Major clinical complications that can occur in patients undergoing biliary stenting include haemorrhage, cholangitis, and pancreatitis. In this study, patients who underwent PTBS exhibited lower pooled cholangitis rates. This may be attributable to the relatively aseptic nature of the PTBS procedure relative to the EBS procedure, thus decreasing the risk of bacterial introduction into the biliary tract [21]. Temporary catheter drainage was also routinely retained following stent placement, increasing external biliary drainage and thereby facilitating the more rapid discharge of contrast, further decreasing cholangitis incidence [21].
The PTBS approach was also herein found to be associated with a lower pancreatitis risk as compared to the EBS approach in MHO patients. When placed via the PTBS approach, stents usually do not cross over the ampulla. In contrast, the EBS approach necessitates the crossing of the ampulla, significantly elevating pancreatitis risk rates. Low pooled haemorrhage rates were observed in this study, and these rates were similar in both groups. This is consistent with the fact that haemorrhage is a less common complication of stenting in MHO patients as compared to pancreatitis or cholangitis.

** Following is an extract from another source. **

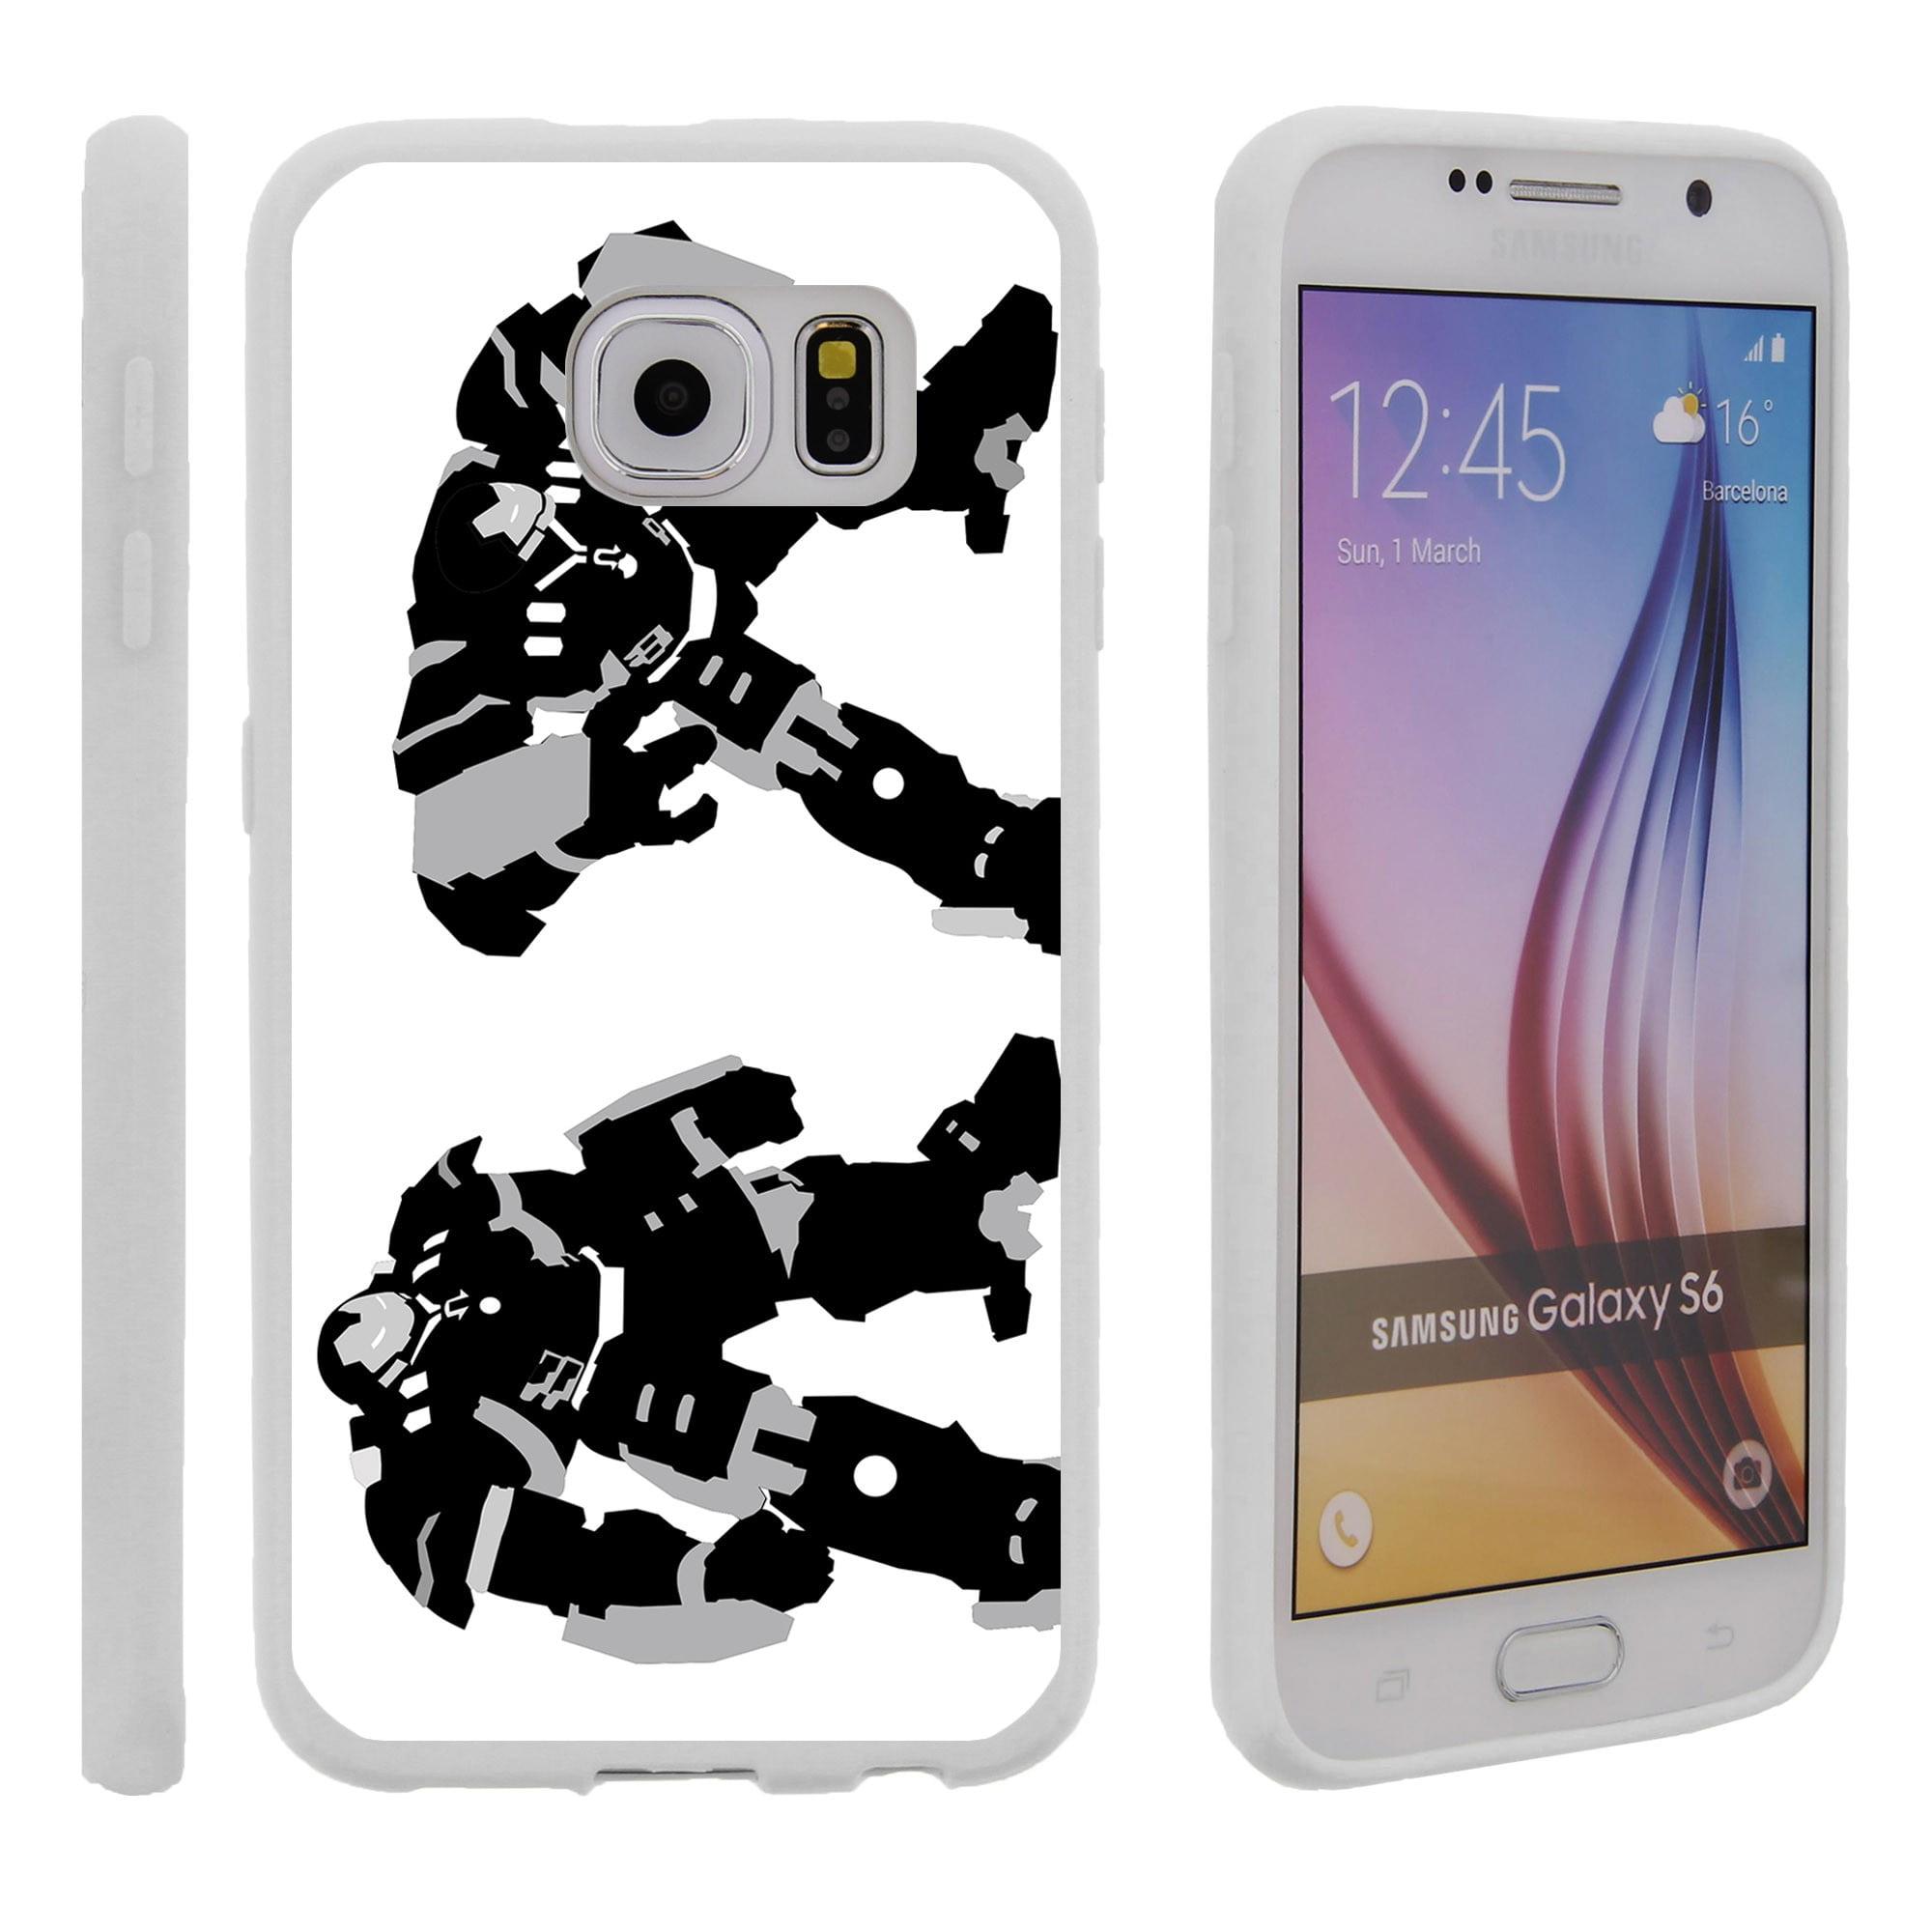 Samsung Galaxy S6 G920, Flexible Case [FLEX FORCE] Slim Durable TPU Sleek Bumper with Unique Designs - Big Iron Man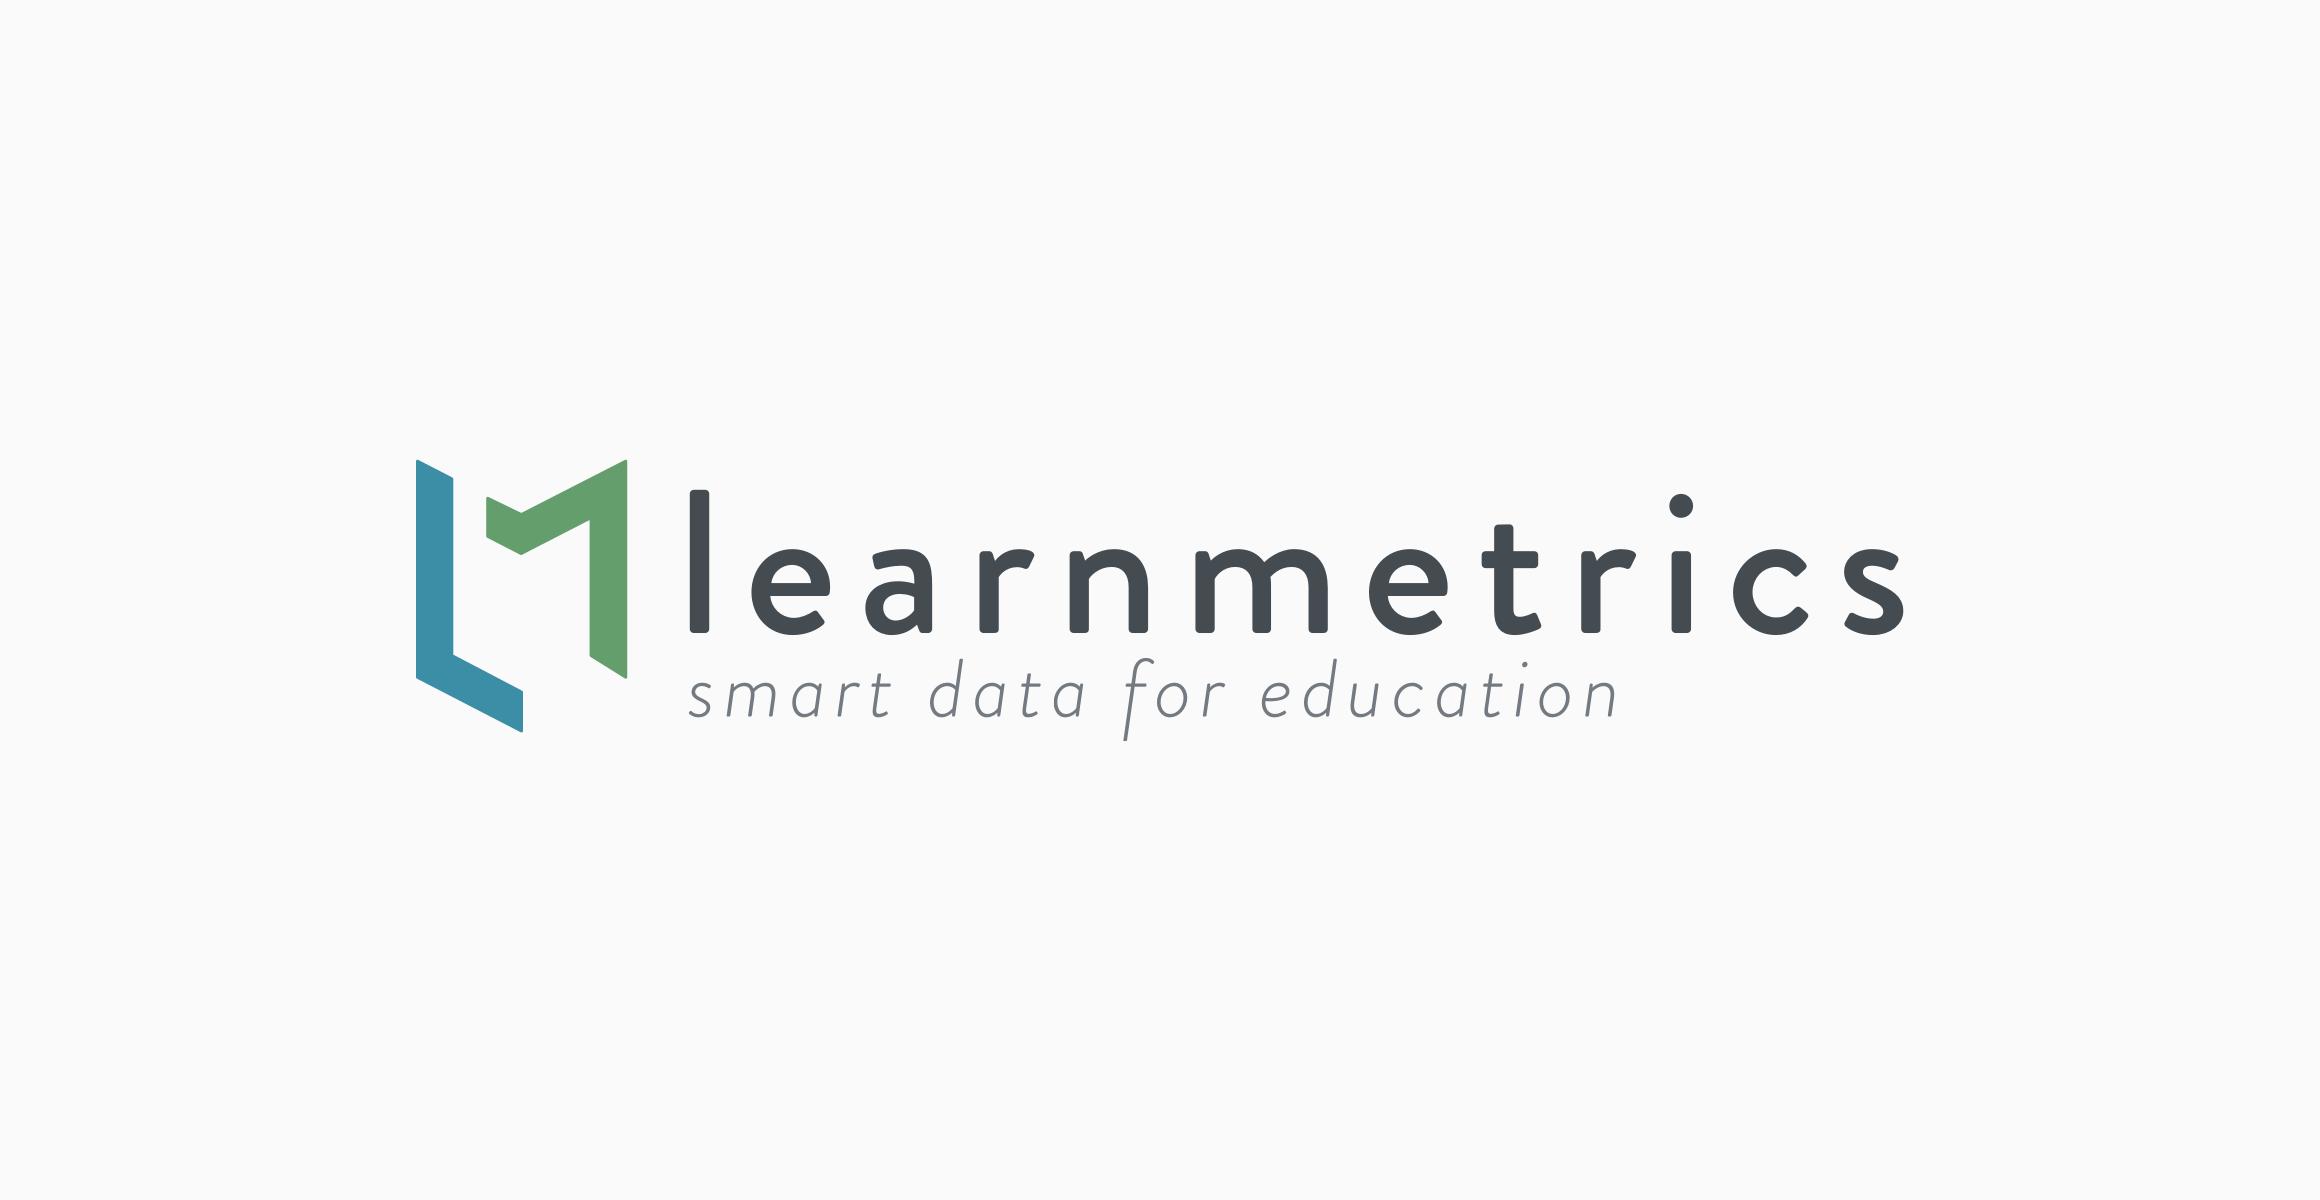 learnmetrics-logo

No differences in stent patency or OS were observed when comparing the PTBS and EBS approaches in pooled analyses. Previous research has shown that bilateral stenting can prolong stent patency [10, 20], providing 2 drainage routes such that one can still facilitate drainage even when the other is re-obstructed [20]. The most effective means of improving patient OS is the administration of appropriate postoperative anti-cancer treatments [30].
In an initial subgroup analysis, similar clinical efficacy and safety outcomes were observed in Bismuth type III/IV patients. Only 2 and 3 studies reported technical success and pancreatitis rates, respectively, in this subgroup analysis, thus reducing the overall sample size. While the difference in cholangitis was not significant in this analysis, there was a clear trend towards lower cholangitis rates in the PTBS group relative to the EBS group (p = 0.06).
A second subgroup analysis suggested that PTBS exhibited advantages over EBS with respect to technical success and complication rates when treating hilar cholangiocarcinoma patients. This suggests that the disease type underlying the MHO diagnosis is not ultimately associated with the clinical efficacy of the PTBS or EBS approaches.
There are some limitations to this meta-analysis. Firstly, it only included a single RCT, and all other studies were retrospective analyses, thus potentially contributing to some level of bias with respect to these results. Secondly, roughly half of the included articles enrolled patients with multiple forms of cancer, potentially introducing additional bias. Thirdly, tumour stages were only reported in a single study [14], and stage-based subgroup analyses were thus not possible. Finally, the majority of these studies were performed in Asia, and future efforts should be made to incorporate data from other sources throughout the globe.